Maximum Likelihood Estimation

Point Estimators

In practice, it is hard or impossible to find a population parameter \(\theta\). Instead, we estimate the unknown parameter by statistic computations from sample data. The estimated parameter from the sample data is called a point estimator denoted by \(\hat{\theta}\).
For example, to estimate the population mean \(\mu = \theta\), we compute a sample mean \[ \bar{X} = \frac{1}{n}\sum_{i = 1}^n X_i = \hat{\theta} \] The point estimator is also a random variable, and then a function of sampled random variables \(X_1, X_2, \cdots, X_n\).

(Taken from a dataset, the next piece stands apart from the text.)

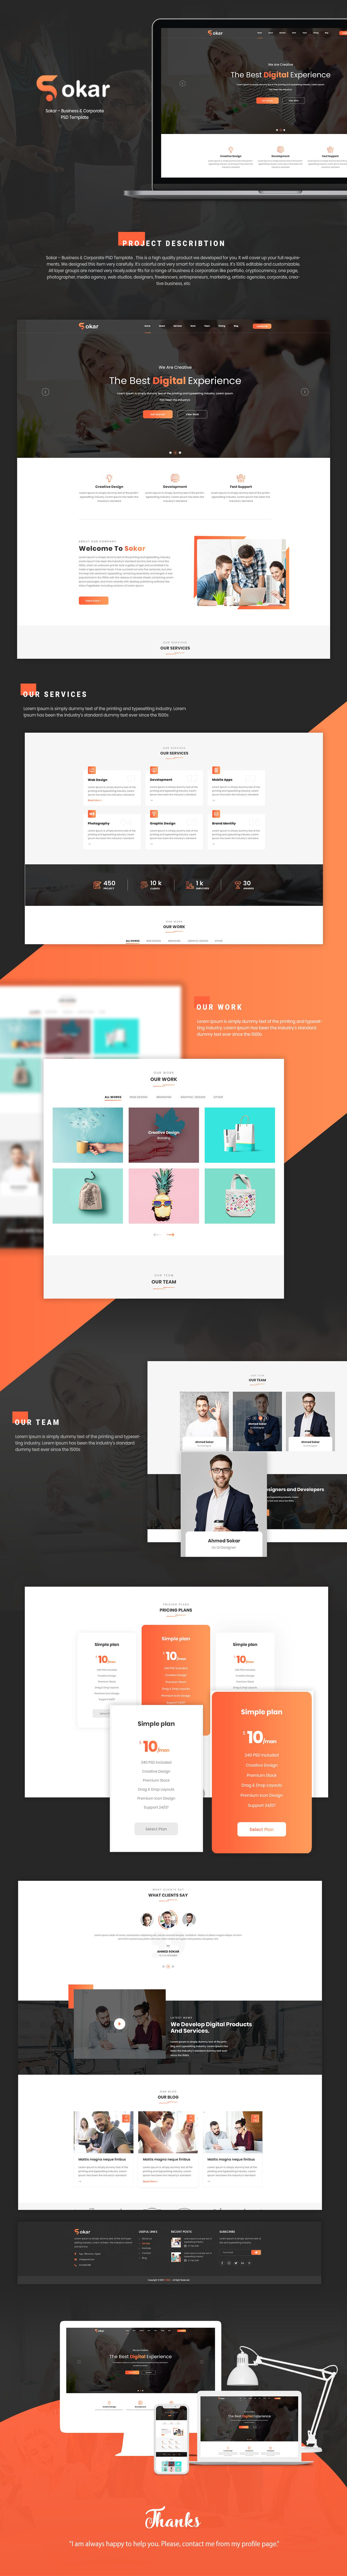 ux UI Webdesign business corporate uiuxDesigner agency marketing   creative designers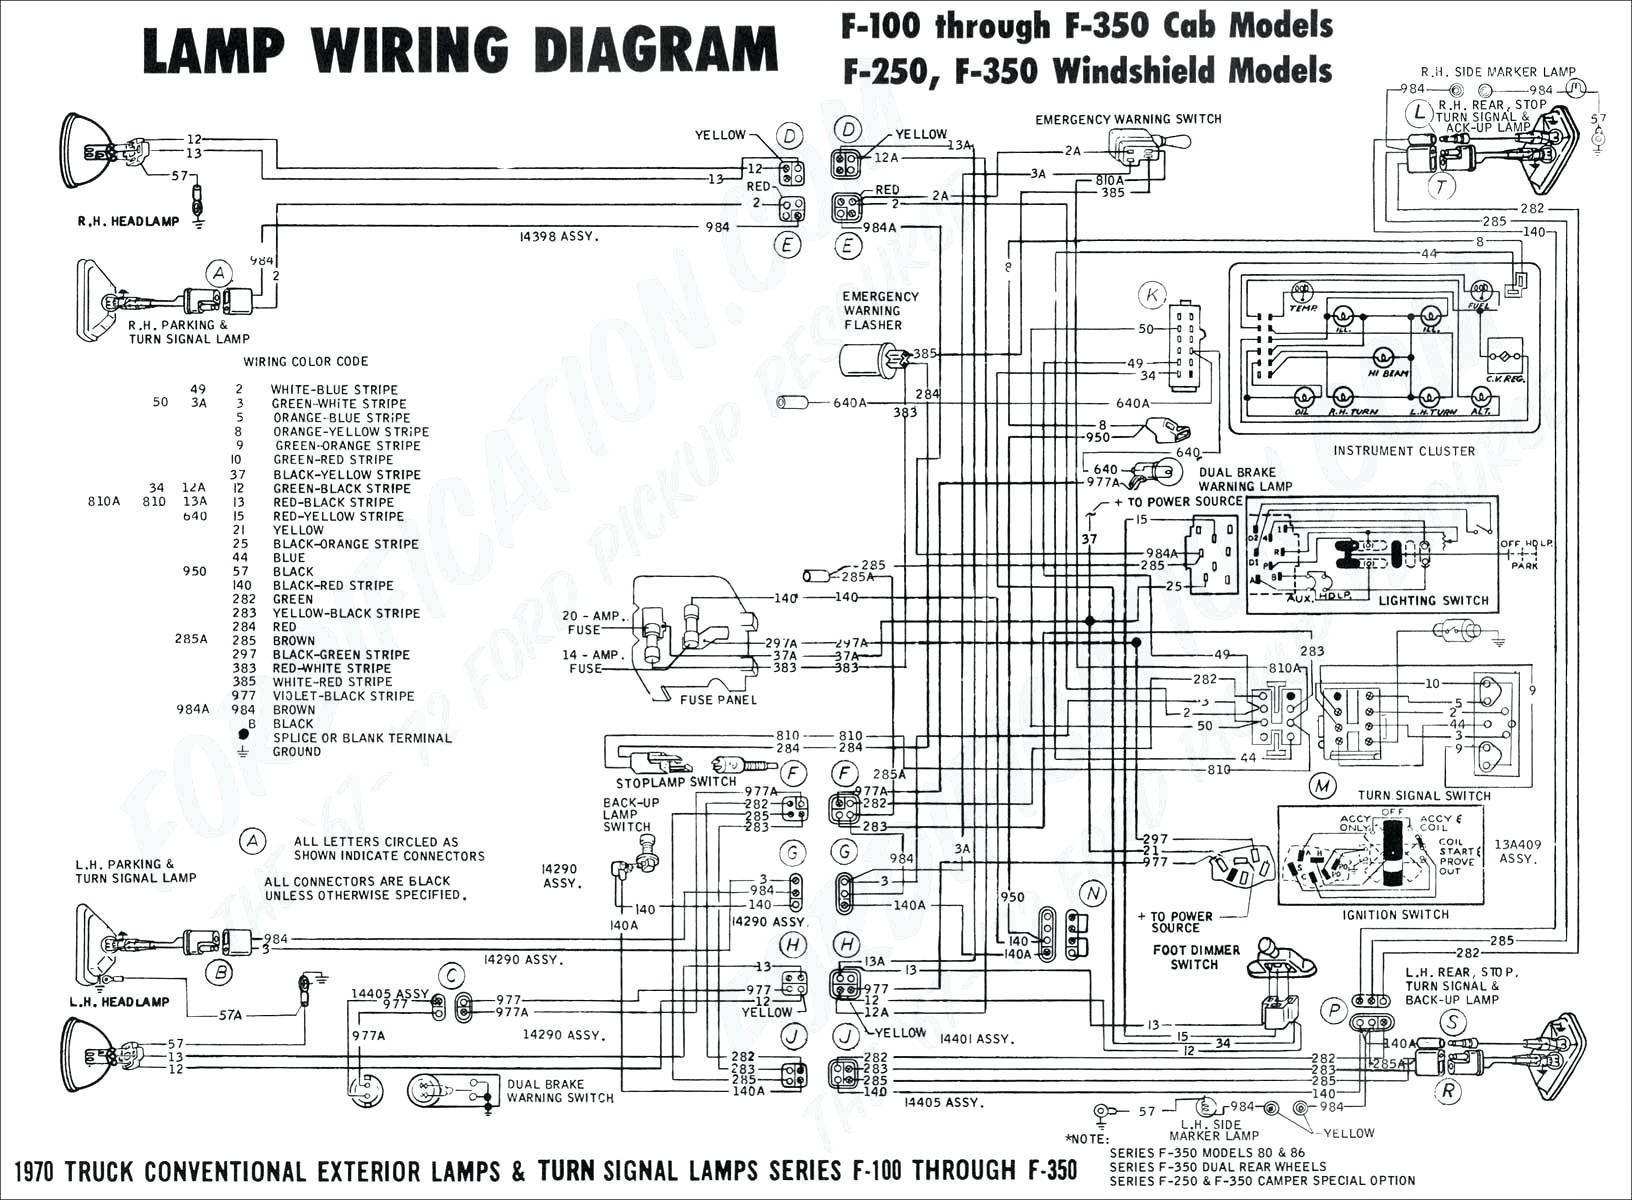 x5 trailer wiring diagram wiring diagram bmw x5 trailer wiring diagram

Once we obtained the estimator, it is natural that we want to know how much it is close to the true parameter. There are two factors we have to be concerned about:

\(\text{Bias }(\hat{\theta}) = \mathbb{E}(\hat{\theta}) - \theta\)

bias

\(\text{Var }(\hat{\theta}) = \mathbb{E}[\hat{\theta} - \mathbb{E}(\hat{\theta})]^2\)

variance

If both bias and variance are low enough, the estimator must be acceptable as an approximation of the population parameter.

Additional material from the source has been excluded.